This took about 10 minutes to make the dough and another 20 minutes to make all the tortillas. While they were cooking I assembled the rice and the chicken. Very easy and worth making fresh. These also heat up well if you make them the day before.
The only thing that I changed was swapping butter instead of lard or shortening.
|I made a half batch, each ball is a little |
smaller than a lime
|Salsa Poached Chicken, Cilantro Rice, |
Homemade Yogurt, and Fresh Tortillas
4 cups all-purpose flour
1 teaspoon salt
2 teaspoons baking powder
6 tbsp butter
1 1/2 cups water
Combine flour, salt, baking powder, and butter in a food processor. Pulse until the dough starts to look crumbly. Slowly add the water and mix until the dough comes together; Knead a few turns until dough comes together looks smooth and elastic. Divide the dough into 24 equal pieces (break in half, break each of those halves into half, etc) and roll each piece into a ball.

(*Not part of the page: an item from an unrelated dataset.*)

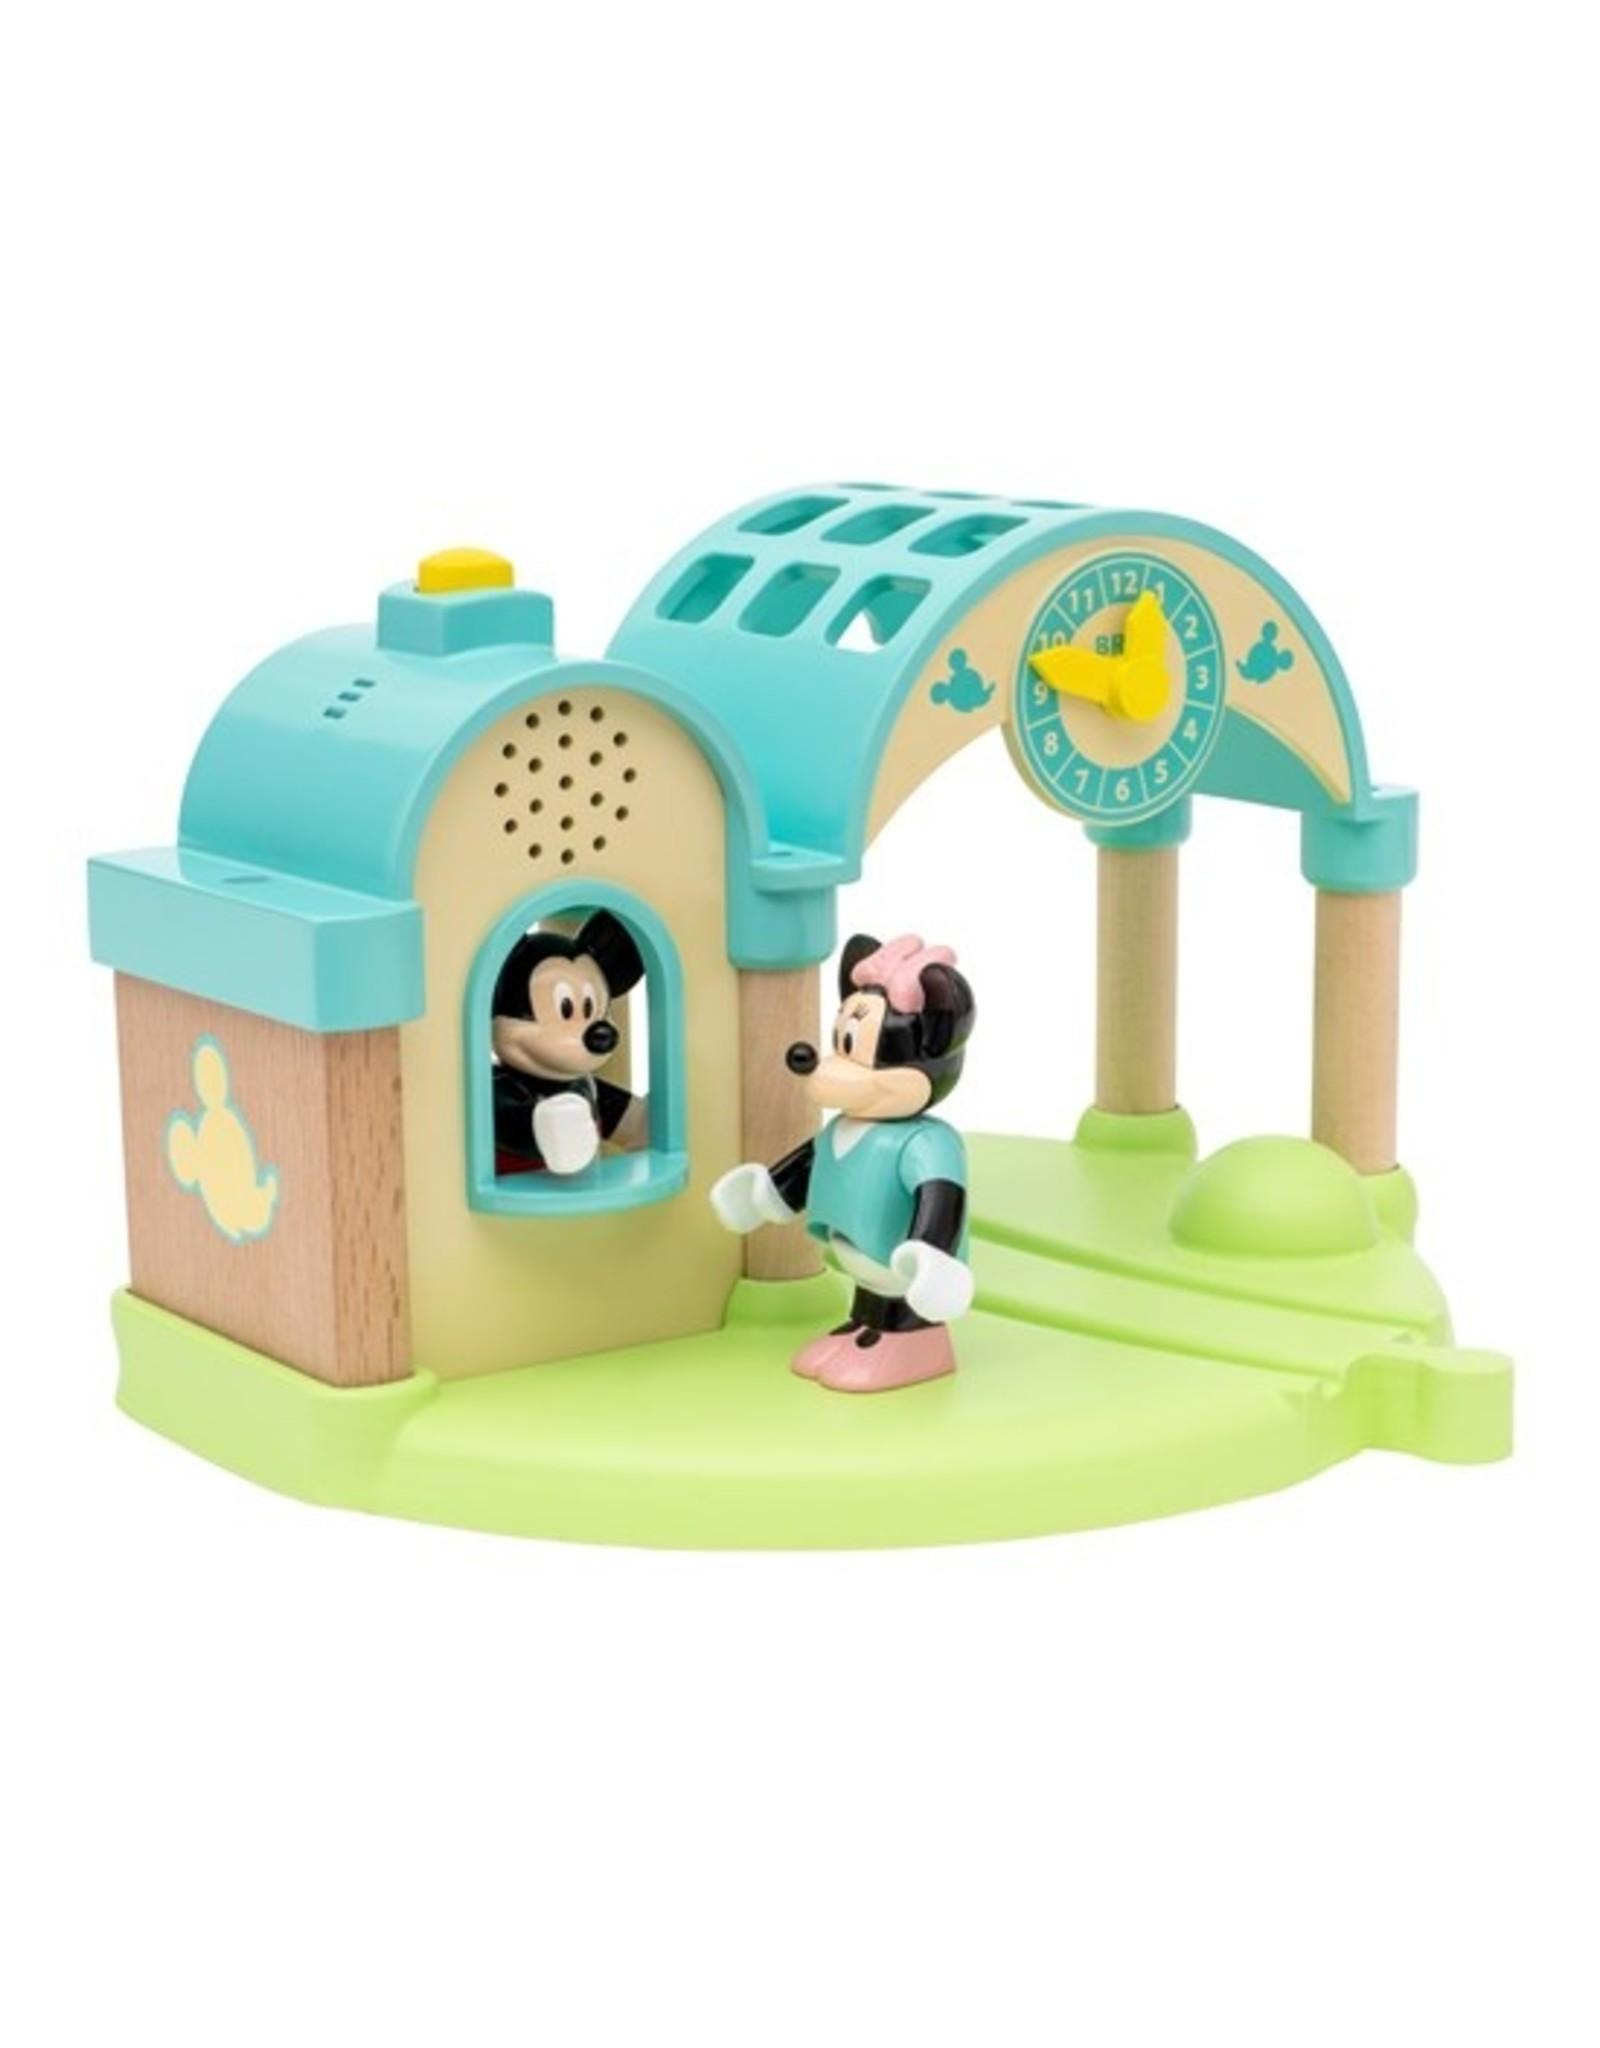 Brio BRIO Mickey Mouse Record & Play Train Station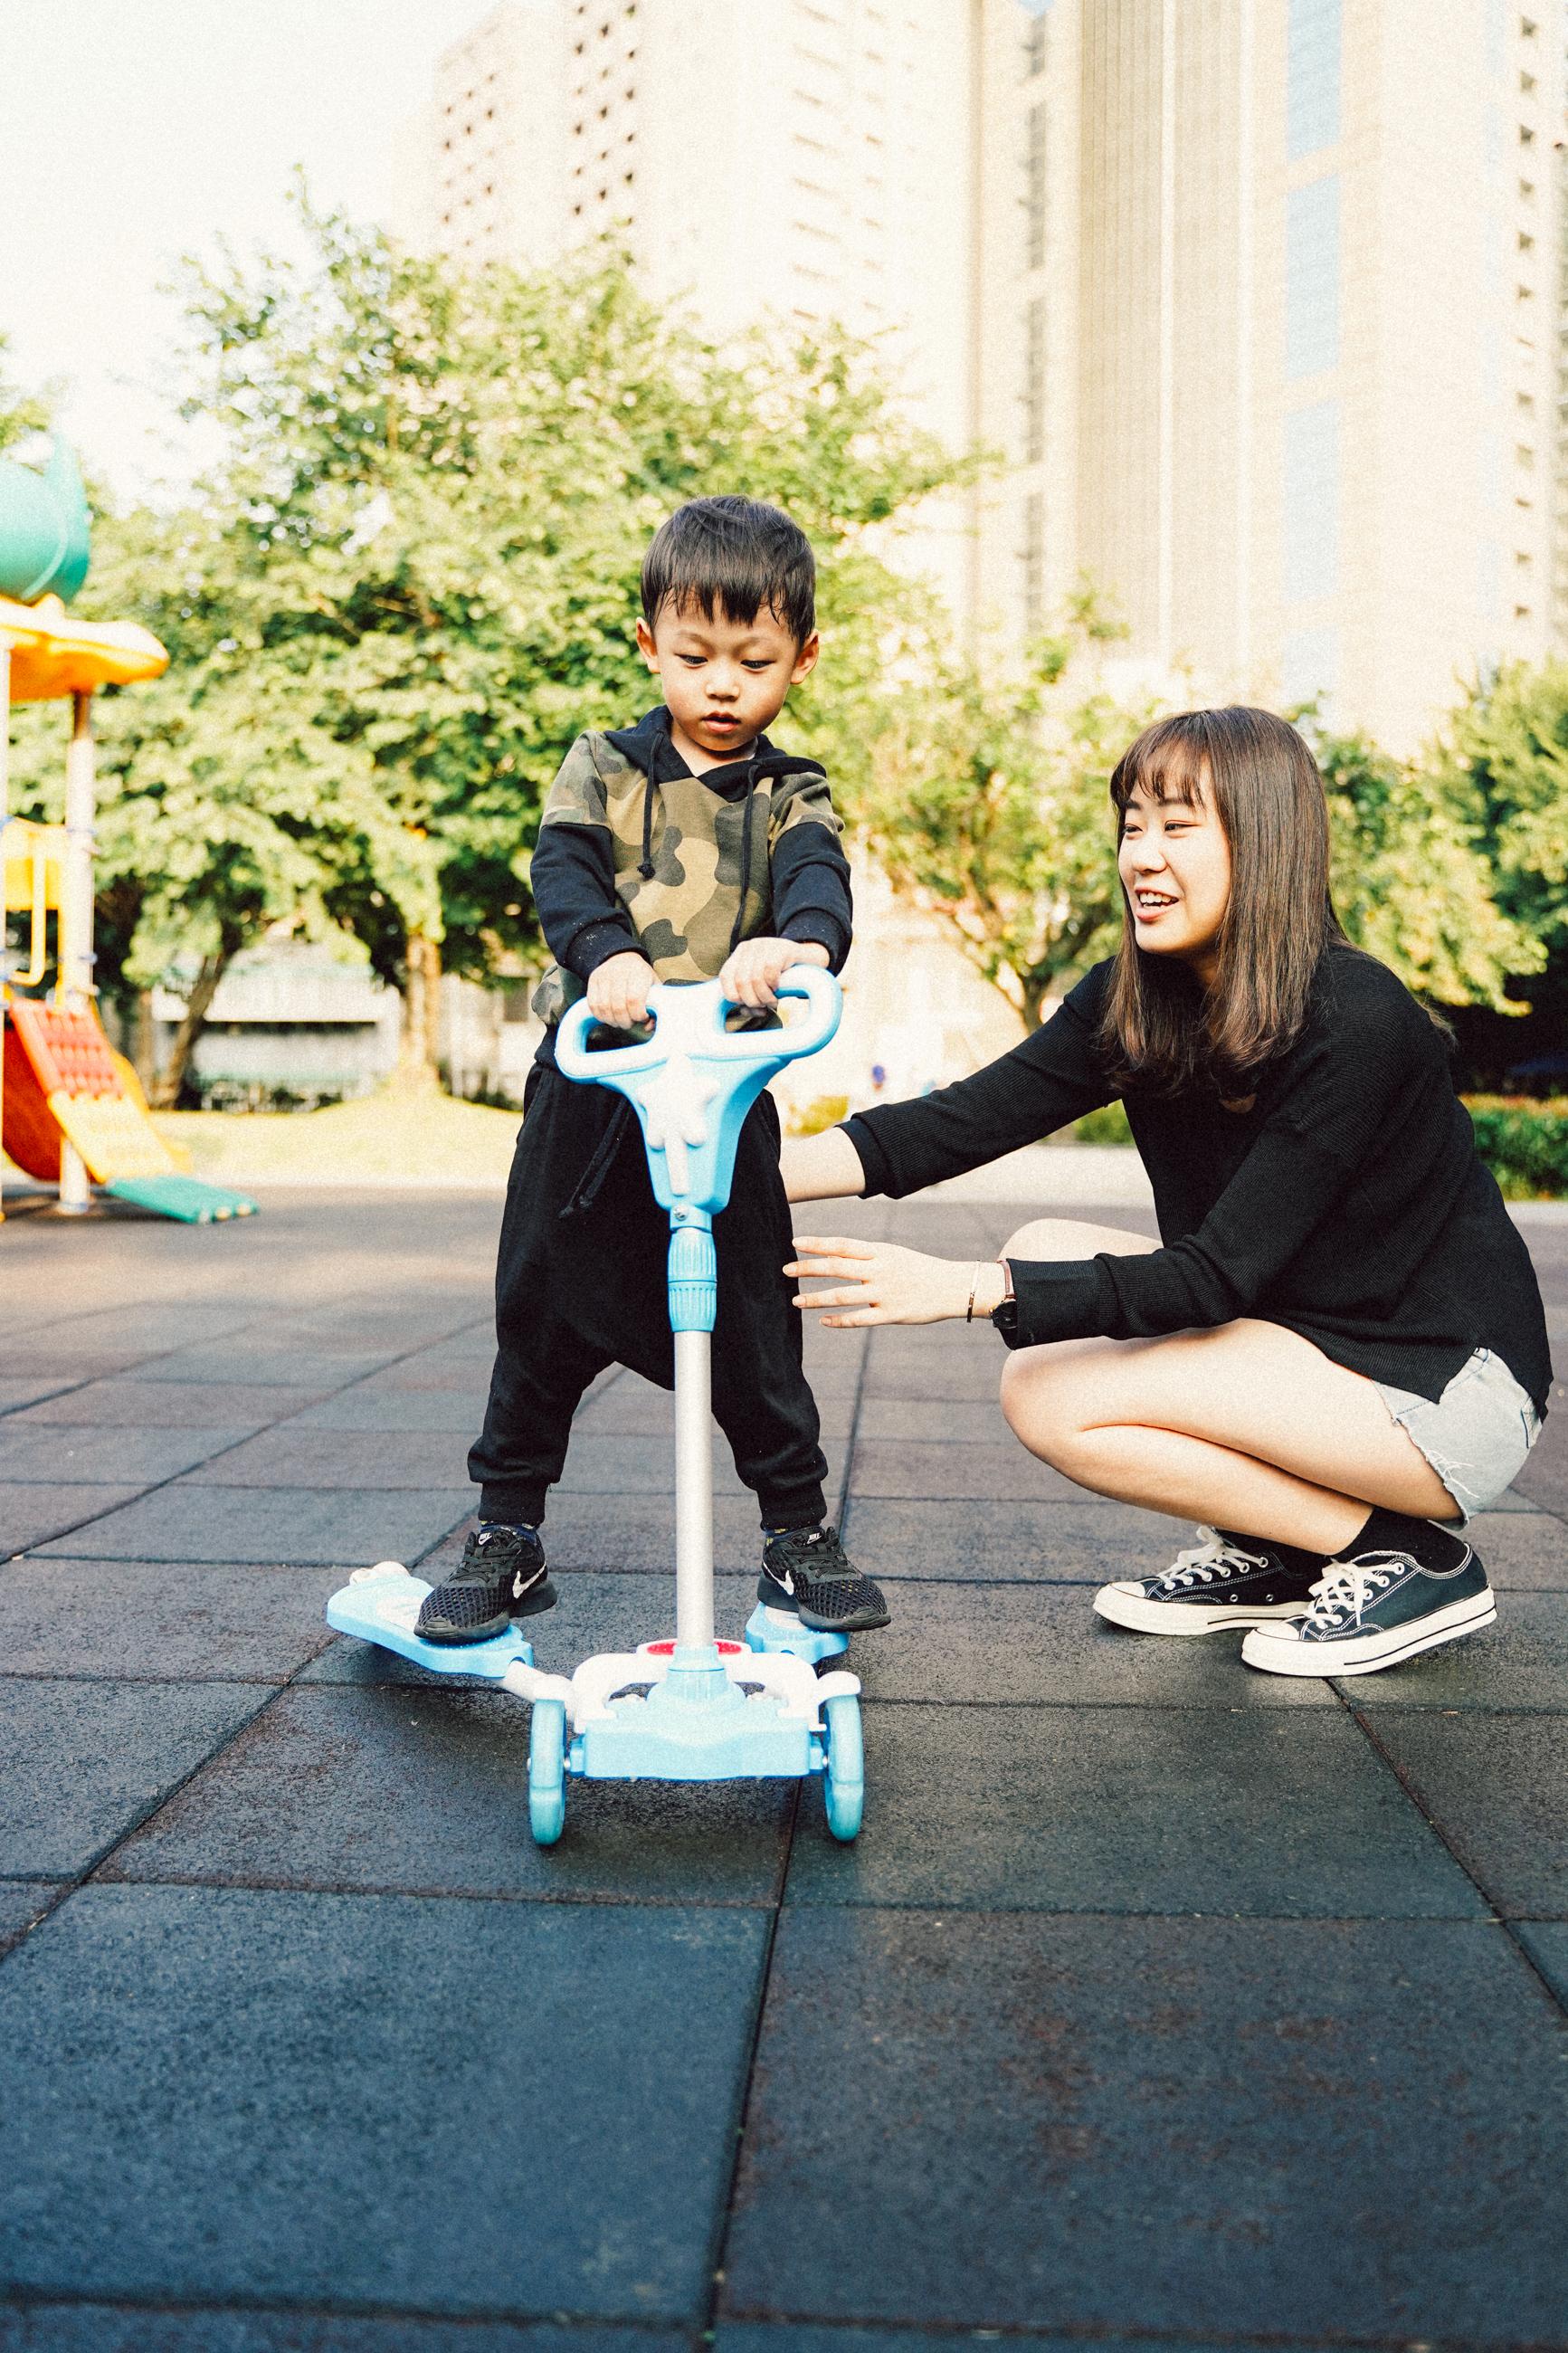 兒童搖擺車 玩法

Preheat a large skillet over medium-high heat. Use a rolling pin to roll a dough ball into a thin, round tortilla. Place into the hot skillet, and cook until starting to get big bubbles (think pancakes) and golden; flip and continue cooking until golden on the other side. Place the cooked tortilla in a towel to keep warm; continue rolling and cooking the remaining dough.